# Basic Jan. 11th 2005



## devoid (18 Nov 2004)

:dontpanic: So pumped! I will be there and just wanted to know who else is on there way. To all those still waiting hold on it will come! going 215 reg. force. :gunner: :tank: :fifty:


----------



## SigOp Guy (18 Nov 2004)

I'm a new member,  just joined today. I'll also be at basic on jan 11.. w00t, can't wait


----------



## Kevin_B (18 Nov 2004)

Yeah I'm going too. MOC 011


----------



## SigOp Guy (19 Nov 2004)

It may or may not be obvious, but I'm going 215 reg force as well   ;D   :threat:


----------



## devoid (19 Nov 2004)

lol well we'll have to meet up or something! Can't wait!
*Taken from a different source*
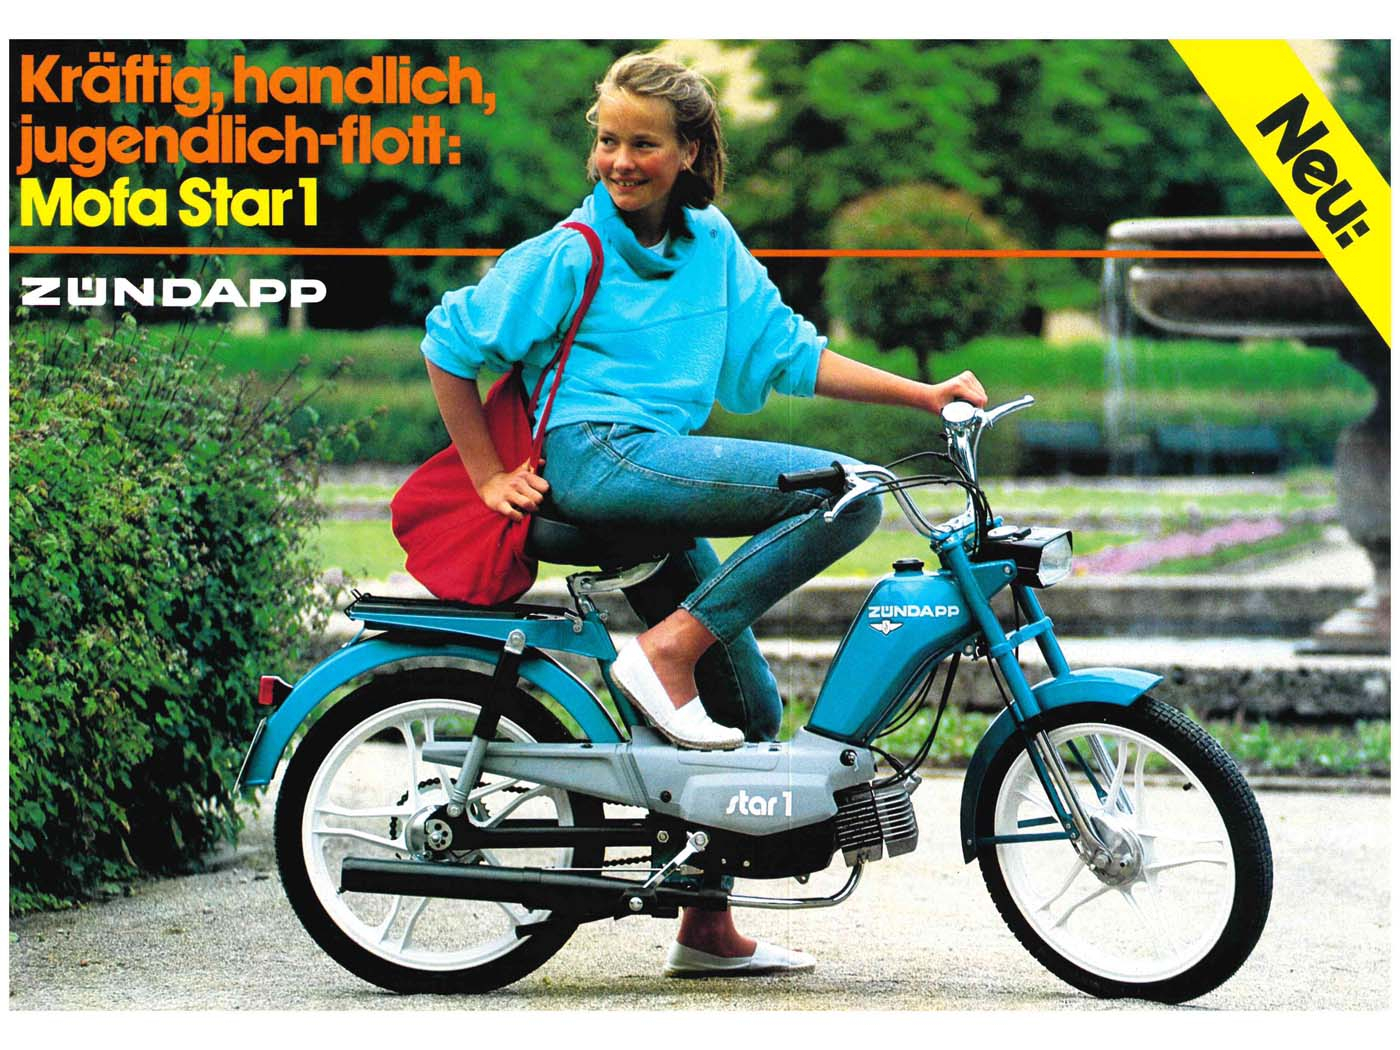 Brochure A4 Original Zündapp Moped Star 1 For Zündapp Moped Star 1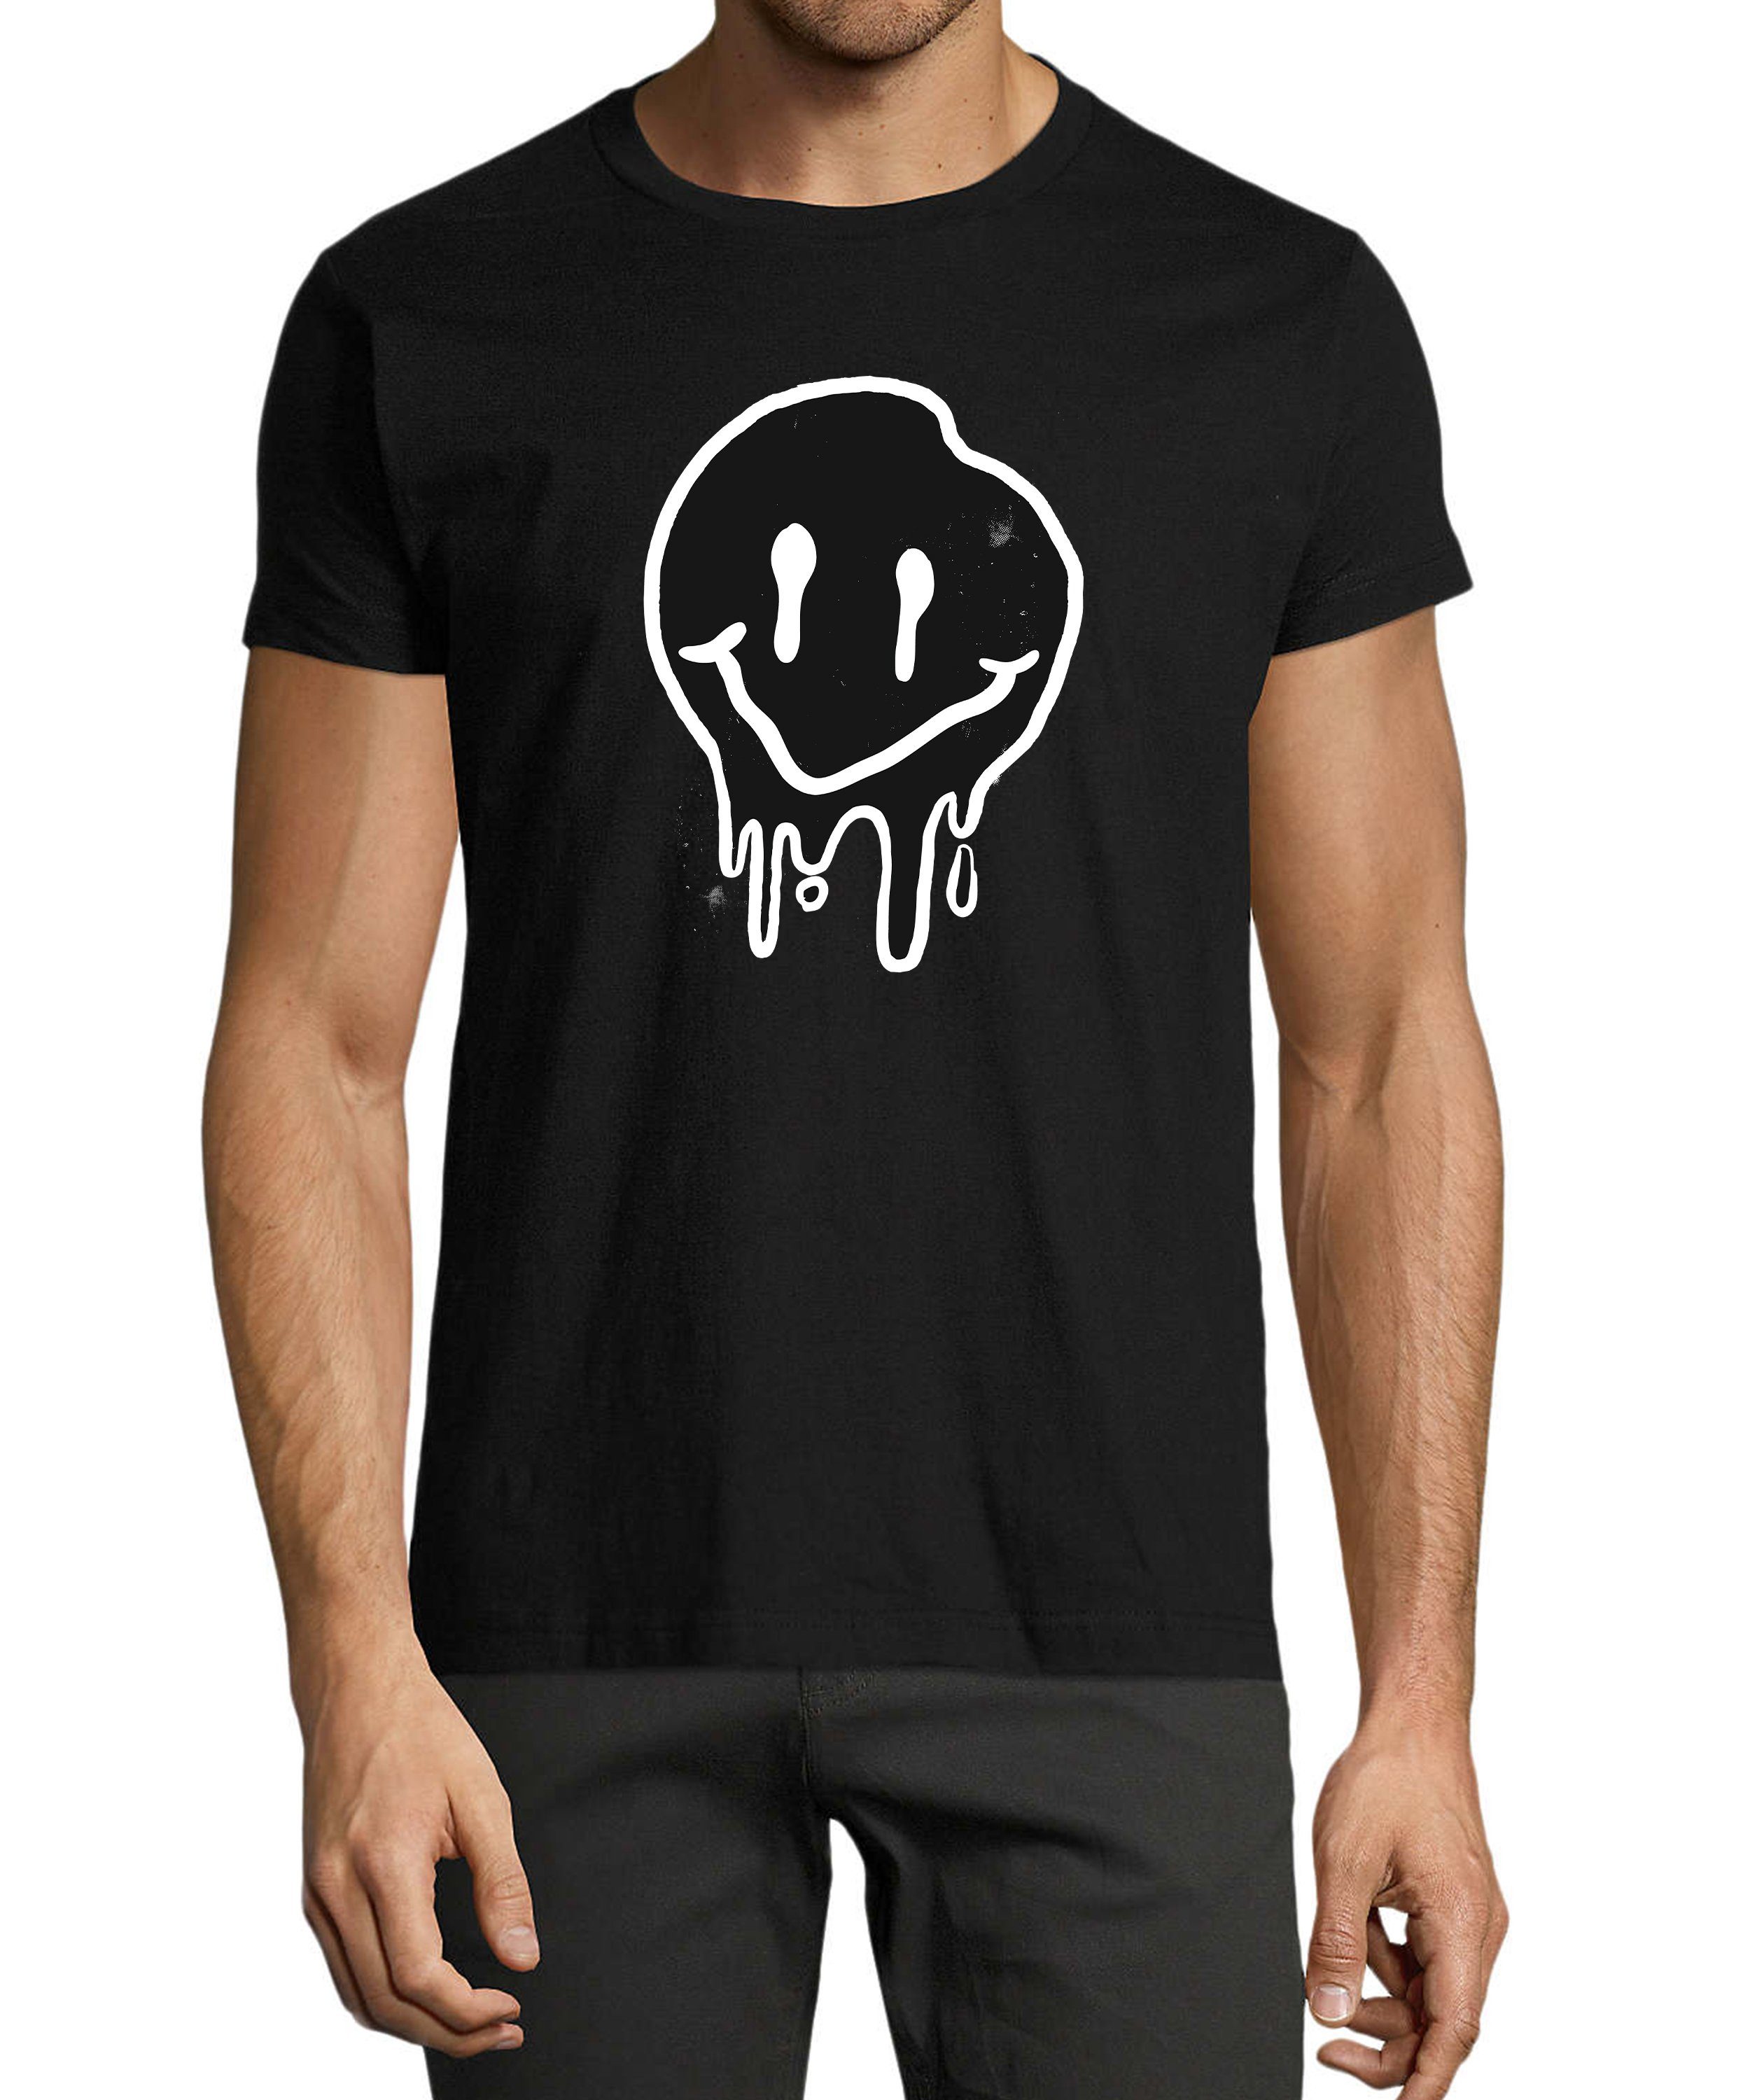 MyDesign24 T-Shirt Herren Smiley Print Shirt - Zerlaufender Smiley Baumwollshirt mit Aufdruck Regular Fit, i292 schwarz

I'm getting sworn in in dec. and will be private recruit on unpayed leave until jan. IS IT DEC. YET!?!


----------



## SigOp Guy (19 Nov 2004)

I'm getting sworn in on jan 5, i fly out to montreal on jan 9.. dunno why it's so long to get sworn in, but oh well


----------



## Goober (20 Nov 2004)

Because when you're sworn in, your on payroll I believe


----------



## devoid (21 Nov 2004)

I'll be on leave with out pay...


----------



## Kevin_B (8 Jan 2005)

Leaving for Montreal tomorrow morning! I'm so nervous ans excited at the same time!


----------



## Goober (11 Jan 2005)

Goober said:
			
		

> Because when you're sworn in, your on payroll I believe



I want to correct myself, after you swear in, you go on leave without pay until the day before you fly off to basic. They day you take your flight, is your first day with pay.

I just swore in today, filled out my will, signed my death benifits form and all that jazz  I'm pretty excited, can't wait for St. Jean.


----------



## SudsyNavy (12 Jan 2005)

hi i was sworn in Dec 17th and am currently on leave without pay until January 14th, my BMQ course starts January 18th St. Jean Quebec....im going in for Naval Weapons Tech.....

cheers


----------